§ Task to carry out: Beginning with the line that contains "Tle4269g Infineon Technologies", restate each line below through the final one exactly, and exclude the pictures.

§ Supplied material:
● ● ●

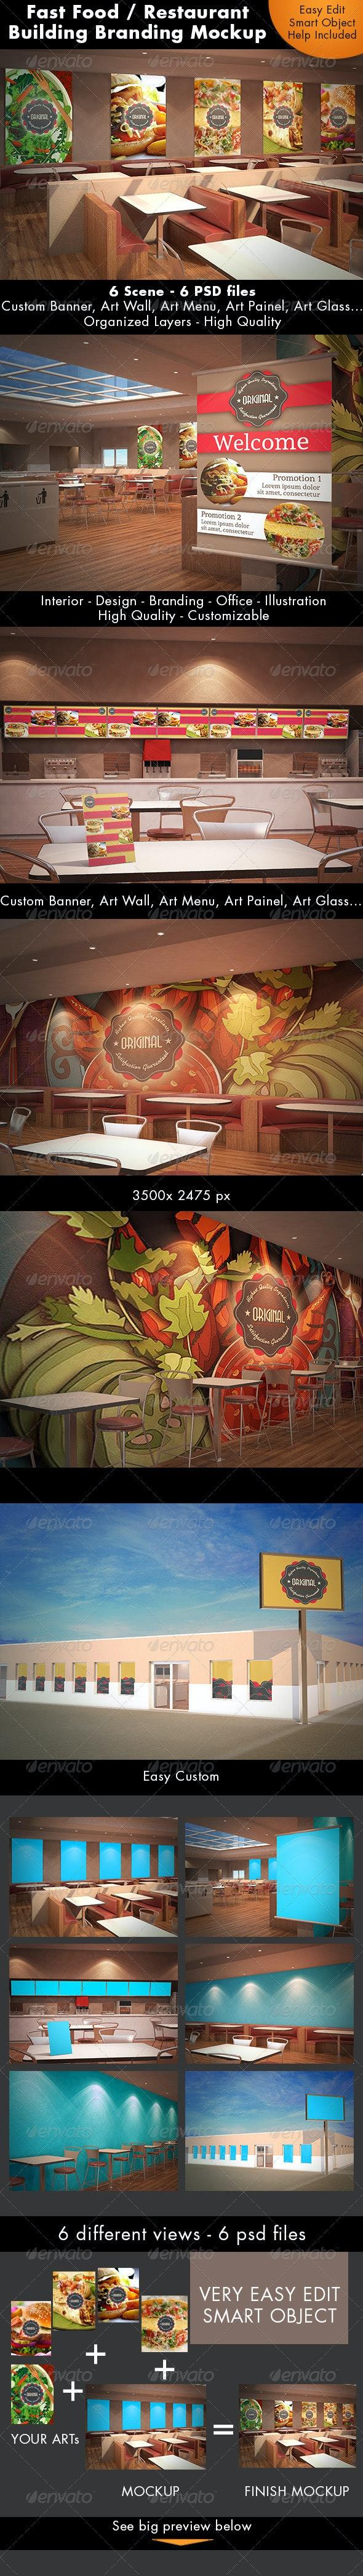 Fast Food Building Branding Mockup - Logo Product Mock-Ups
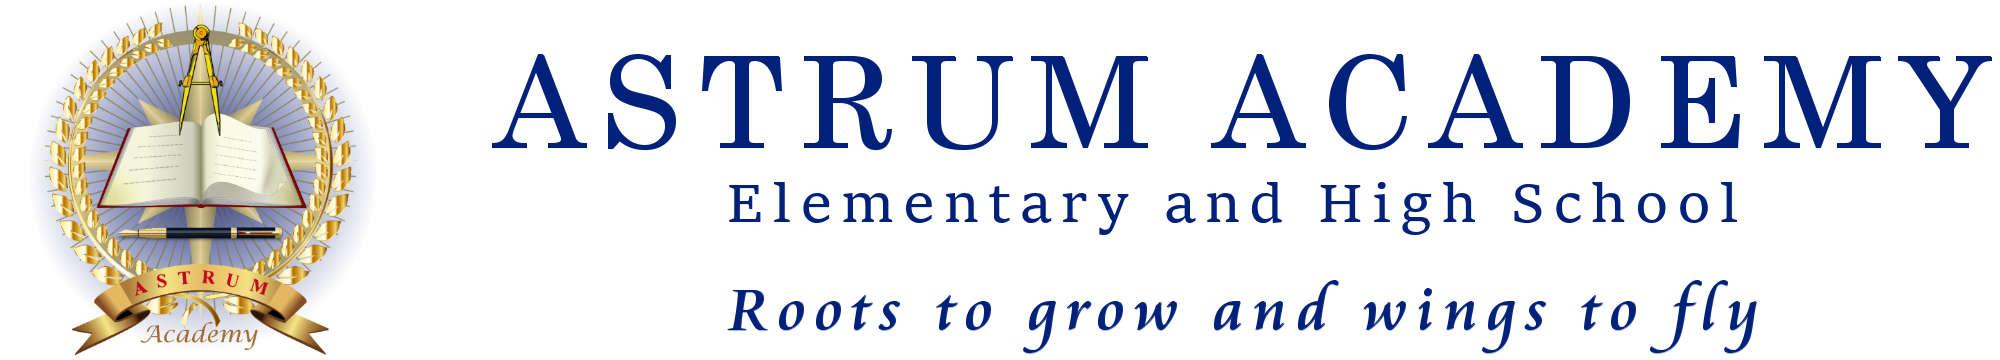 Astrum Academy
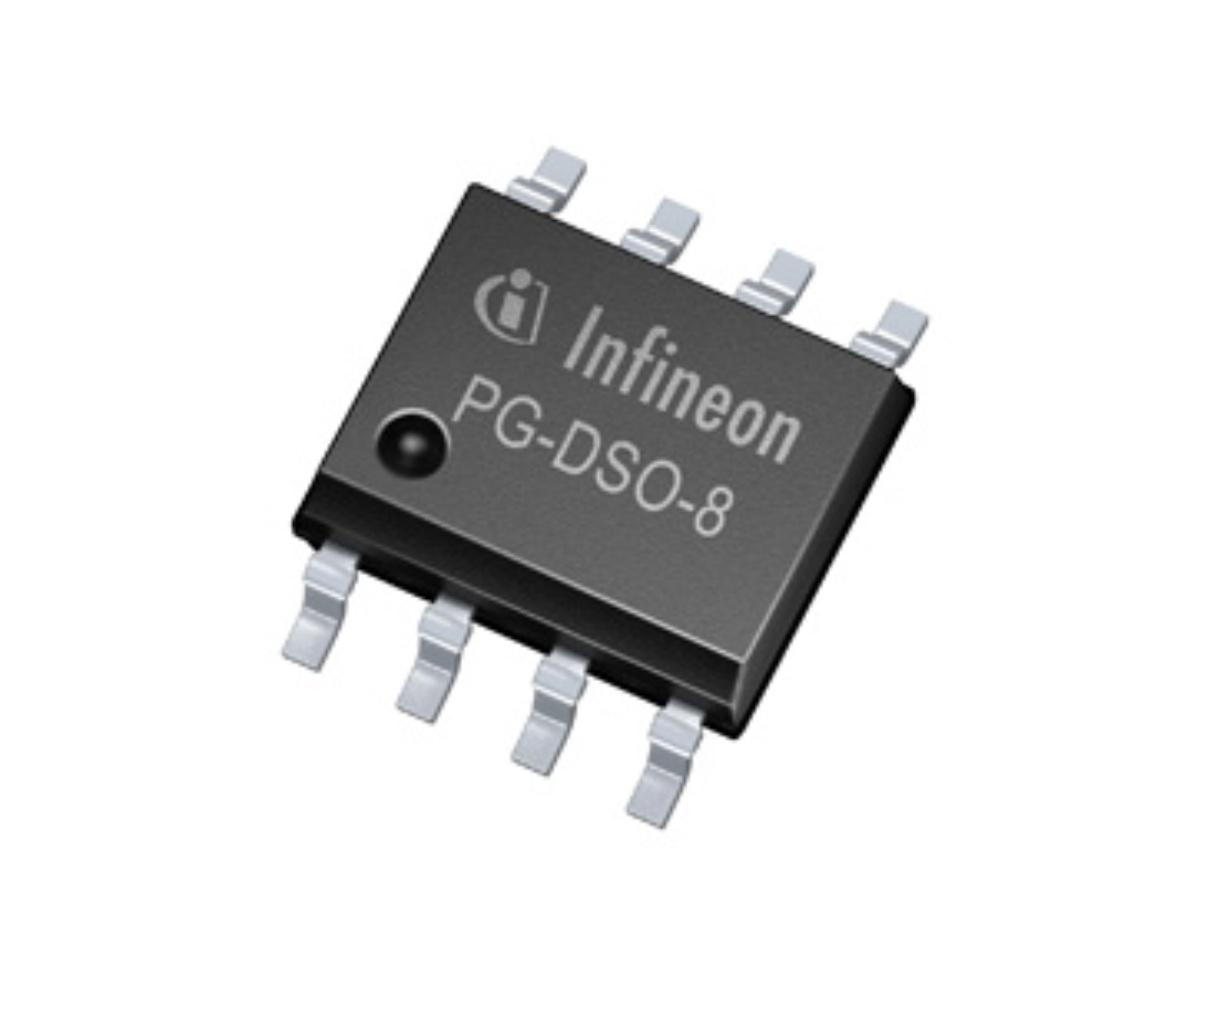 Tle4269g Infineon Technologies Solidstaterelaysanpdf 02 60 2018 11 20 Pdf 746 Kb
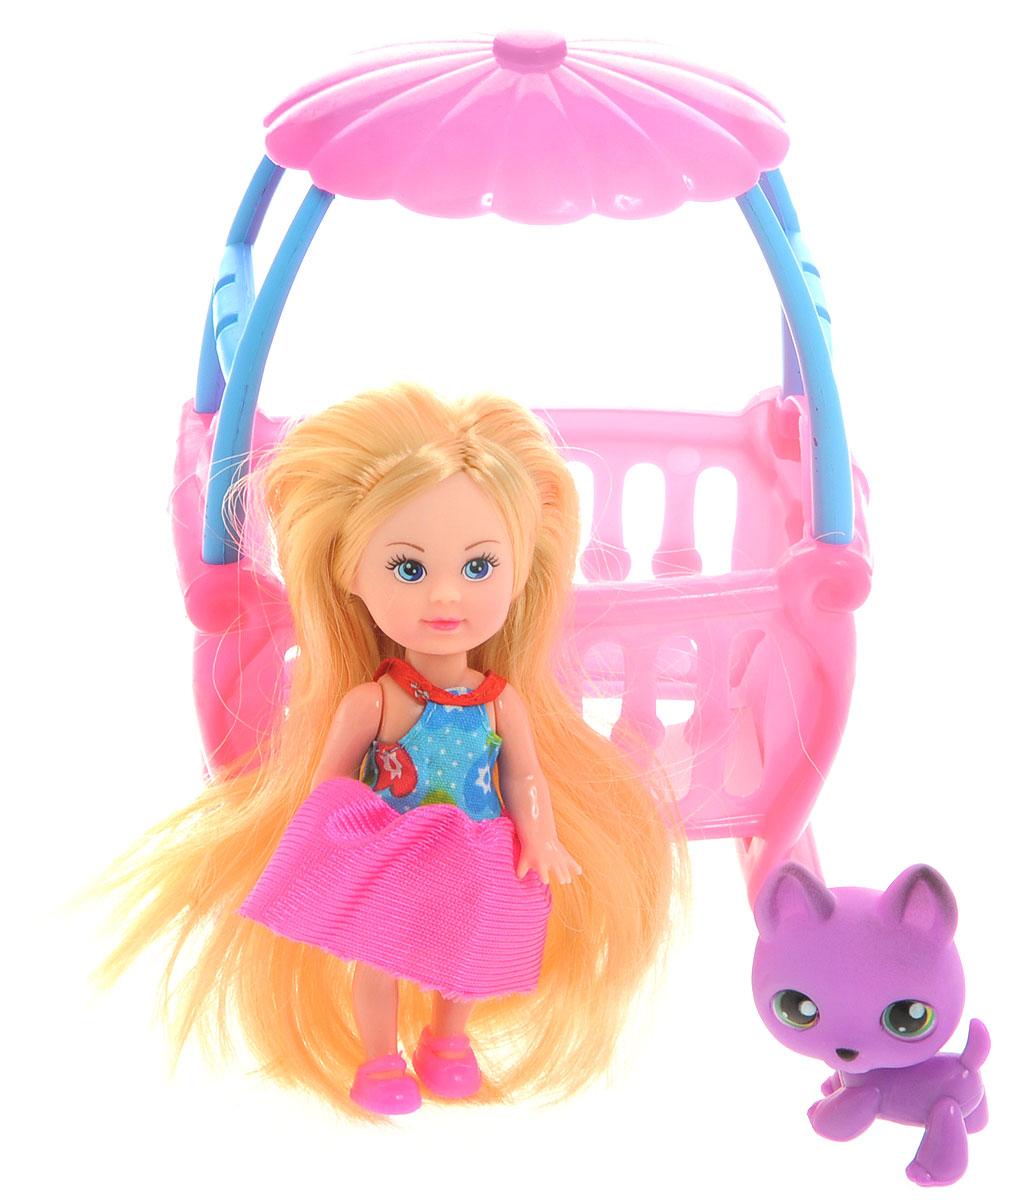 Mary Poppins Мини-кукла Малютка Мэгги с кроваткой кукла мэгги

● ● ●

§ Response box:
 Tle4269g Infineon Technologies Solidstaterelaysanpdf 02 60 2018 11 20 Pdf 746 Kb
 Mary Poppins Мини-кукла Малютка Мэгги с кроваткой кукла мэгги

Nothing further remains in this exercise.